Adjust the Code Cache size
We know that JIT-compiled Code is stored in the Code Cache, but it is important to note that the Code Cache is limited in size and does not adjust dynamically. This means that if the Code Cache is too small, only a small percentage of Code may be JIT compiled, leaving the rest with no choice but to interpret execution. So, a potential tuning advantage is to adjust its size limit.
Of course, you can also adjust its initial size.
Note that in relatively recent versions of Java, because of Tiered Compilation, the space requirements of the Code Cache increased significantly, and the default size itself was increased.
Adjust the number of compiler threads, or select the appropriate compiler mode
The number of compiler threads for the JVM depends on the mode we choose. In client mode, there is only one compilation thread by default, and in Server mode, there are two by default. In the current most common hierarchical compilation mode, C1 and C2 are calculated based on the number of CPU cores. You can specify the number of threads to compile with the following argument.
In a robust multi-processor environment, increasing the number of compilation threads can make better use of CPU resources and make processes such as warm-up faster. However, the reverse can also cause compilation threads to scramble for too many resources, especially if the system is very busy. For example, if the system has multiple Java application instances deployed, then reducing the number of compilation threads may be considered.
In production practice, it has also been recommended to turn off hierarchical compilation on the server and use the Server compiler directly, which leads to a slightly slower warm-up, but may result in a small throughput gain for certain workloads.
Some other so-called “optimizations” with confusing relative boundaries
For example, reduce access to safe points. Strictly speaking, this happens much more frequently than during dynamic compilation, and you can diagnose the impact of security points with the following options.
Note that after the JDK 9 PrintGCApplicationStoppedTime has been removed, you need to use “- Xlog: safepoint” way to specify.

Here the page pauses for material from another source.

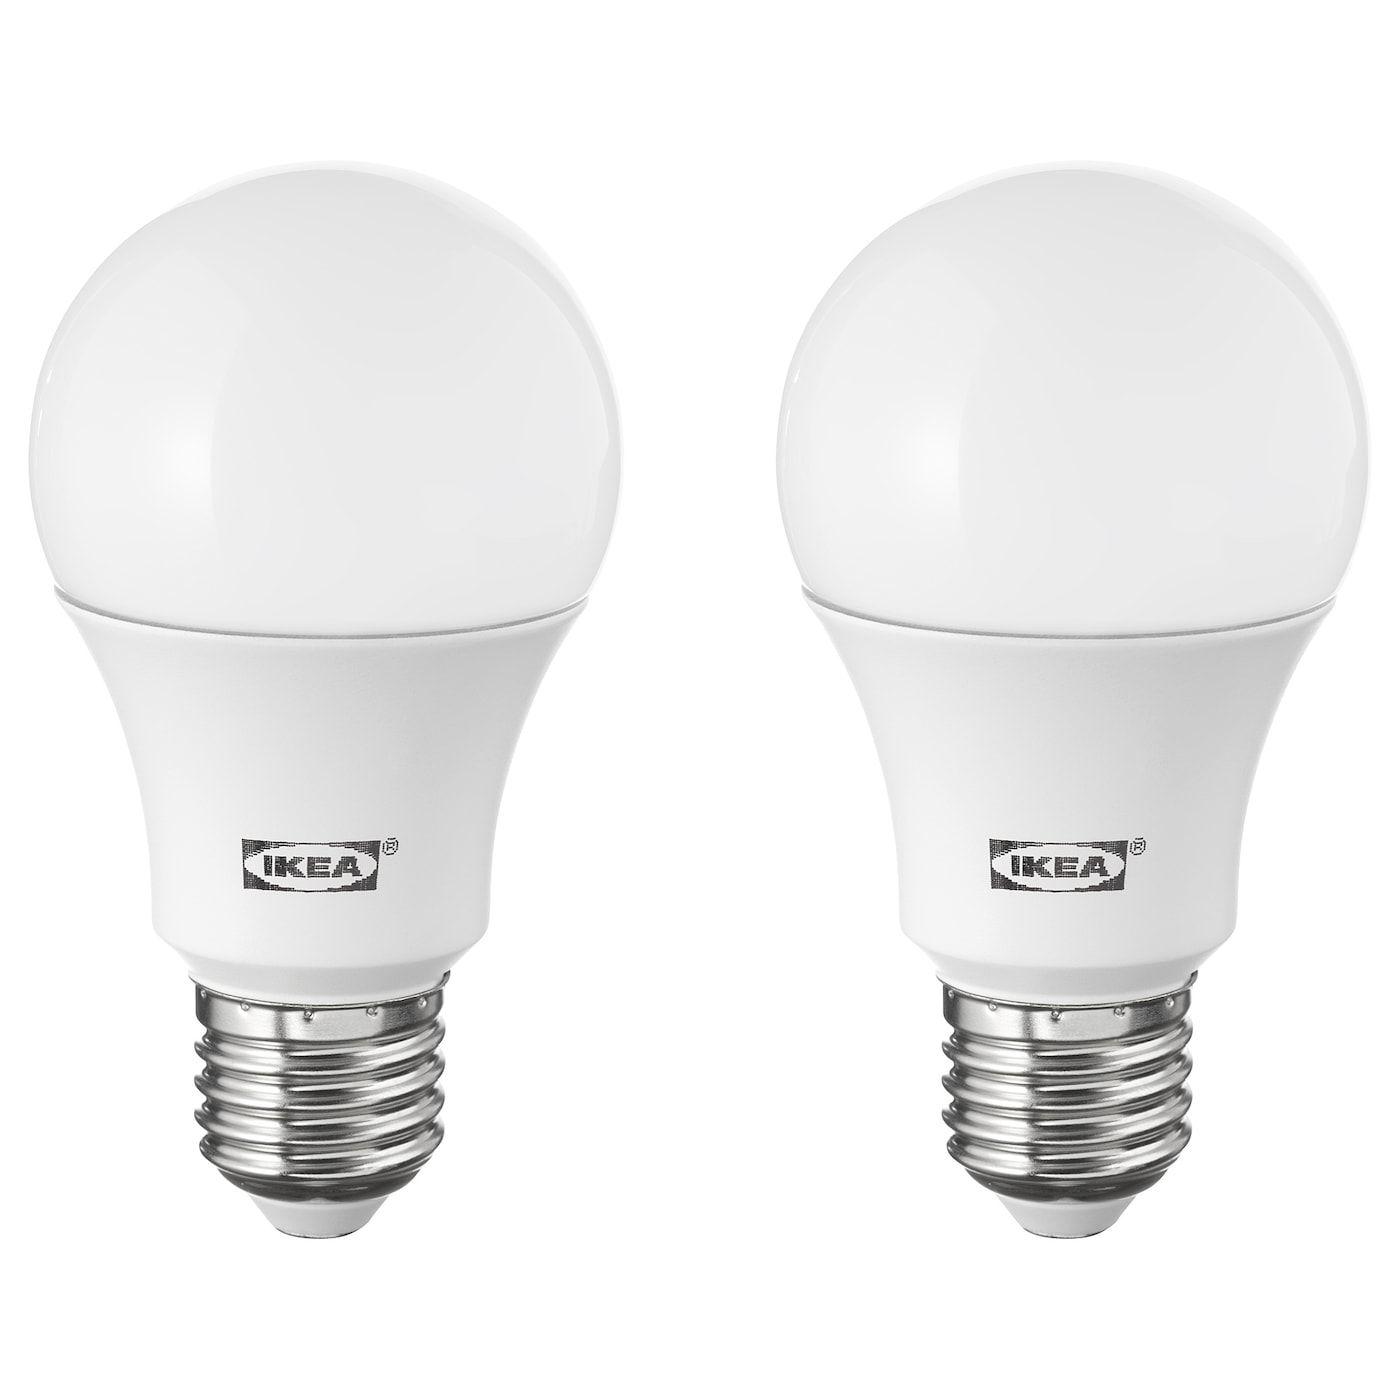 Ryet Bombilla Led E27 1 000 Lumenes Forma De Globo Blanco Opalo In 2020 Led Lamp Led En Gloeilampen

Many optimization phases can be associated with safety points, such as:
Scenarios such as reverse optimization may require safety points to be inserted during JIT.
Normal lock optimization phases may also occur, for example, where the skew lock is designed to avoid synchronization overhead when there is no contention, but when a contention does occur, removing the skew lock triggers a safety point, which is a heavy operation. Therefore, the value of skew locks is actually questioned in concurrent scenarios, and it is often explicitly recommended that skew locks be turned off.
Point attention, don’t get lost; Keep updating Java architecture related technology and hot news!!